Александр Ройтбурд. Из серии Ройтбурд vs Караваджо

– Если не уходить от биографии, какие события в формировании стиля, направления, мировоззрения были ключевыми?

– У меня, наверное, не было ключевых событий. У меня  все события ключевые. И мировоззрение, и мой язык формировались постоянно, – очень много факторов.

 

– И сформировались уже в Одессе где-то в 90-е годы?

– Даже в 80-е  – в целом. Но, тем не менее, до сих пор меняются.

 

– В Одессе, да и в Украине в целом, сформировалась группа художников, работы которых продаются и выставляются у нас и за рубежом. В 2010-м году появилась группа новых имен, молодых художников. Кого вы могли бы выделить?

– В смысле новые имена?

Александр Ройтбурд. Из серии Ройтбурд vs Караваджо

– Да. То есть понятно, что вы принадлежите к первой категории, хотя некоторые из наших художников ещё называют вас молодым. Филипенко, напримерJ.

– Ну, мне мой папа до сих пор говорит, чтобы я не кушал стоя, а сел за стол. И не держал так долго открытым холодильник. В Нью-Йорке. «Папа, – я говорю, – послезавтра я лечу в Киев – как же я буду жить без твоих советов? – А ты запиши J». Так что все, конечно, для кого-то молоды. Молодые для меня в Одессе – это два имени, я всегда говорю, и пока не знаю никого другого – это apl315 и Степан Рябченко.

 

– А в Киеве появились новые молодые ребята, которые вас радуют?

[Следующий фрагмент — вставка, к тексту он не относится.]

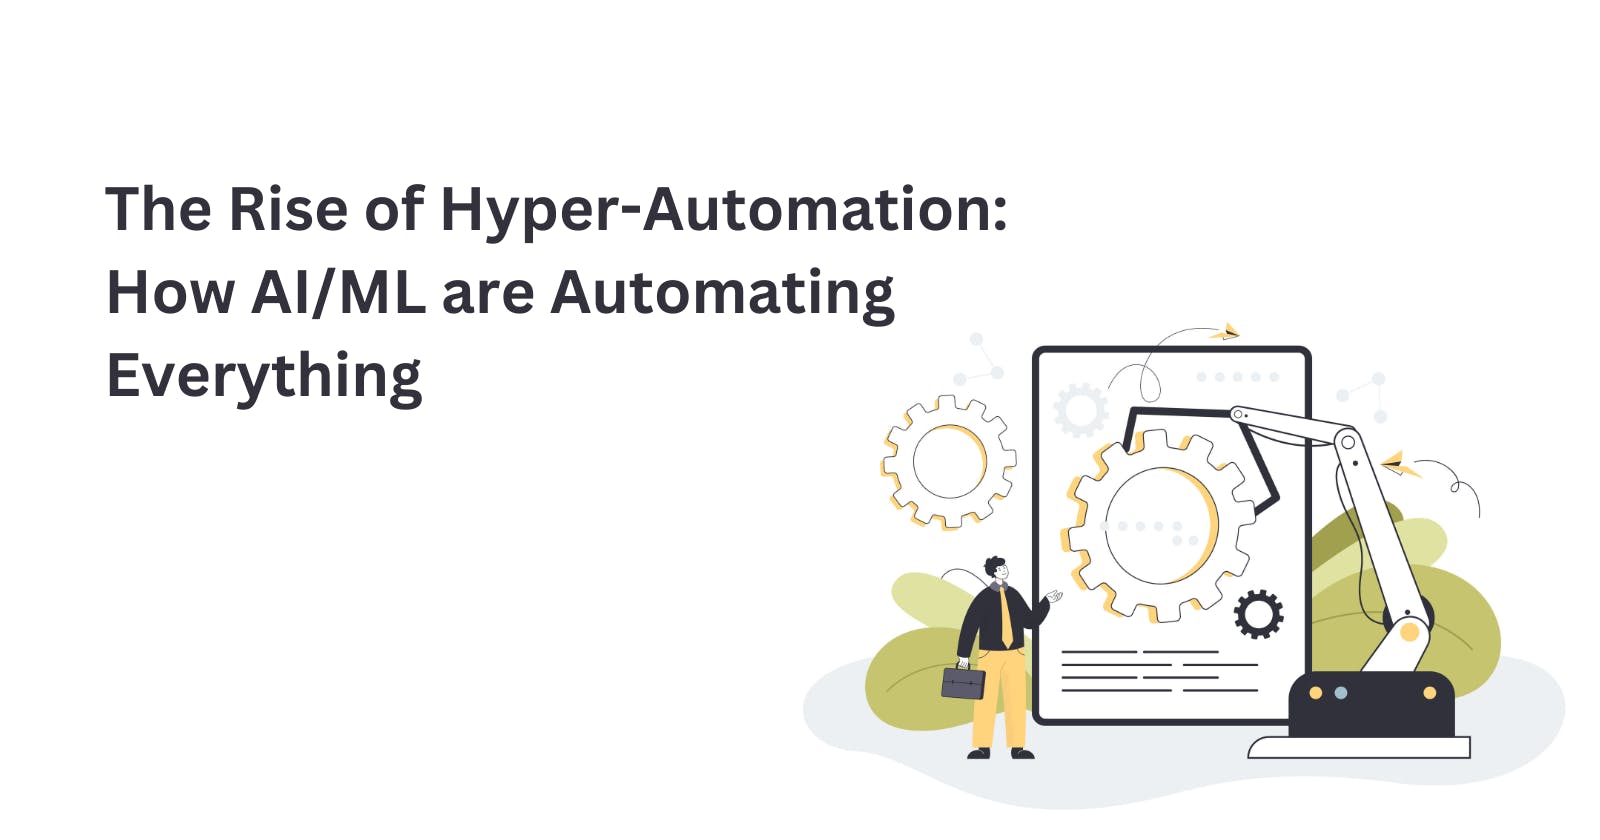 The Rise of Hyper-Automation: How AI and ML are Automating Everything

– Ну, есть. Я с ними не знаком, просто мне нравятся, например, группа «Інтересні казки», стрит-артисты, которые абсолютно не укладываются в каноны стрит-арта. Это, скорее, гиперболизированная книжная иллюстрация. В Харькове есть Гамлет Зиньковский. Ну, есть, появились.

 

– А те, кому Пинчук дал премии? Артём Волокитин интересен?

– Я бы, наверное, не счел его самым интересным, но то, что он был одним из финалистов - это абсолютно справедливо. И то, что он получил эту премию, в целом у меня такого протеста не вызывает, хотя, может быть, я бы её отдал кому-то другому. Я искренне его поздравил.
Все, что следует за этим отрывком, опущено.